Survey of 1,203 leasehold homebuyers (last six months) carried out by Keller Williams UK (8th April 2021).

Average service charge by region
Location – Average service charge (2021)
London – £1,900
South East – £1,301
East of England – £1,182
South West – £1,121
North West – £944
West Midlands region – £894
East Midlands – £860
Yorkshire and the Humber – £824
North East – £649



Comments

by Richard Adams

13:16 PM, 25th April 2021, About 2 months ago

Reply to the comment left by Chris at 25/04/2021 - 11:14
Depends on what you mean by "most". In my limited experience as a leaseholder I have put my head above the parapet twice and been able to become a Management Co director and thus influence what is needed to be spent and be answerable to other leaseholders. I have once sacked Man Agents, appointed by the Man Co not the freeholder. Latter is provided for in the lease. I have no knowledge of situations like you describe where the freeholder appoints Man Agents and leaseholders are denied input.

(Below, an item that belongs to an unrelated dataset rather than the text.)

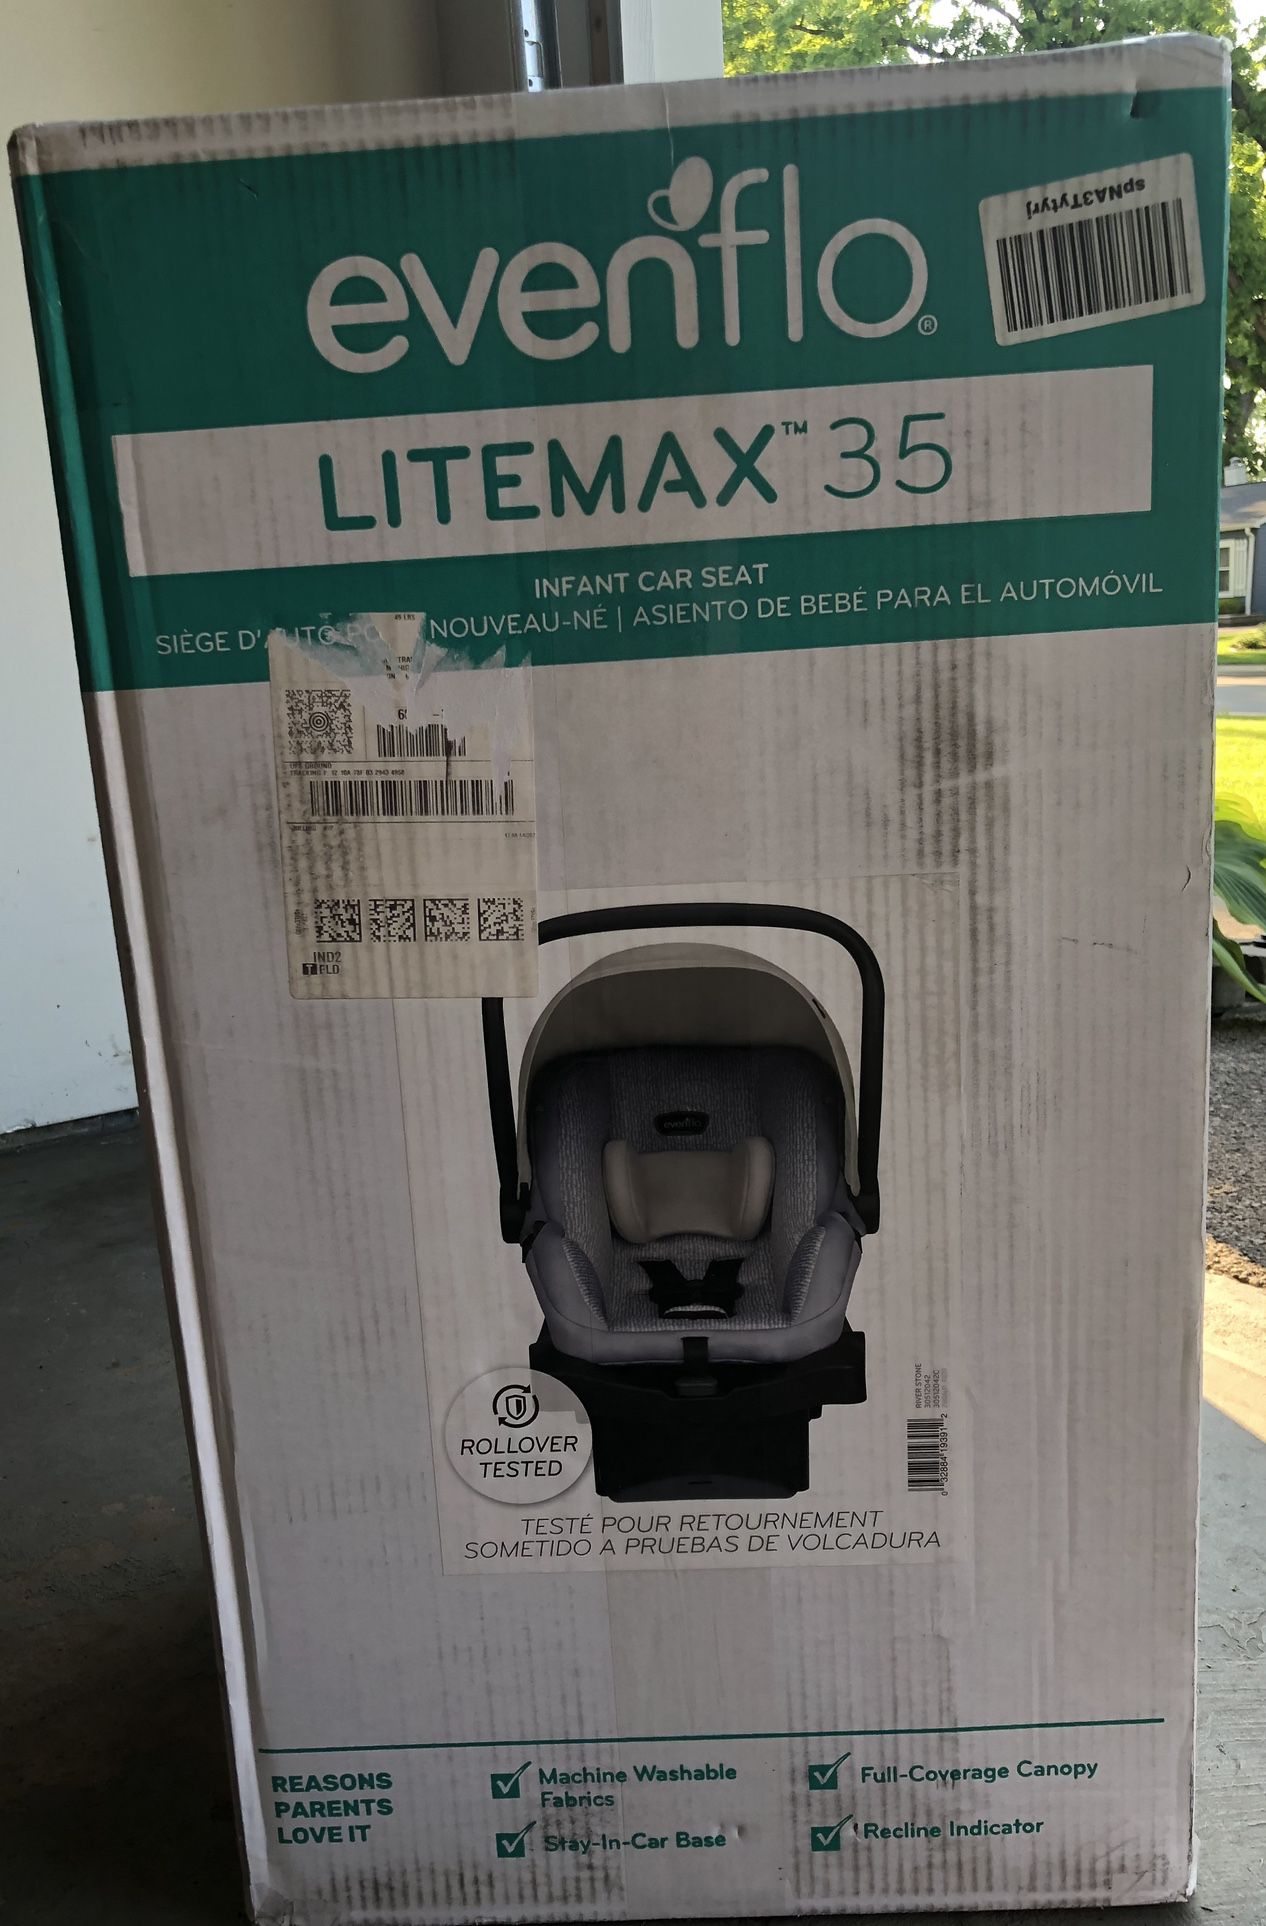 Evenflo Litemax 35 infant car seat

If they doubtless exist as you say then anyone considering buying a leasehold property in this scenario should perhaps decide not to.

by Gracie

13:42 PM, 25th April 2021, About 2 months ago

Reply to the comment left by Richard Adams at 24/04/2021 - 18:32
There are many reasons why that sounds so much easier to do than it is in practice, such as getting the numbers together to do it & in my case, a commercial presence of allegedly over 25%, which excludes us from exercising the right of RTM.

by Richard Adams

13:49 PM, 25th April 2021, About 2 months ago

Reply to the comment left by Gracie at 25/04/2021 - 13:42
You are dead right that it can be difficult but it can be done and someone often must take the lead in galvanizing others. The alternative is to sit back and take it on the chin. Good luck in having a go.

by Gracie

19:32 PM, 25th April 2021, About 2 months ago

Reply to the comment left by Richard Adams at 25/04/2021 - 13:49
As I’ve said, we’re excluded. We do not have the option.

by Graham Bowcock

14:09 PM, 26th April 2021, About 2 months ago

My firm acts a managing agent to a few residential blocks, where we represent the management company owner by the residents. In my experience (25 years or so), there is a massive lack of understanding about what has to be paid for by the management company.

If you own a house then periocially it will need to be reroofed, or have new windows at great cost. A flat is no different so those costs do arise, but arer often treated as part of the sinking fund.

One of the biggest issues we have now is health and safety. We cannot simply instruct the guy down the pub to do and do repairs (as perhaps an owner occupier might), we have to go through proper and expensive procedures. This protects not only those working on site, but also the directors from claims.

We have fewer problems with blocks where there are no rentals as by and large the residents see what the monye is being spent on, but blocks with many BTLs can be a challenge. Flat owners relate the service charge to their own income (or occasionally lack of it).

If youi abandon service charges I do not know how blocks would function.

by Gracie

14:51 PM, 26th April 2021, About 2 months ago

Reply to the comment left by Graham Bowcock at 26/04/2021 - 14:09
I agree - there are indeed always big needs such as reroofing, windows, H&S, brickwork, painting, etc. Any common area or working part needs looking after, either by an MA to manage & pay for unless of course a bunch of leaseholders are quite capable of doing it themselves - hence RTM is a smart addition to the system. In my view, anyone who qualifies for the responsibility of a mortgage should have the logic to deal with responsibility in keeping the building standing - whether it be a house or block. those who can't be bothered should be allowed to outsource, I have no problem with the concept of MAs but they should be an option not forced upon anyone. As the NLC group shows, there are clearly more lazy & incompetent MAs than good ones, and if they were an option and not a need, & were regulated and couldn't treat leaseholders as cash cows, I'm sure the work ethic would improve.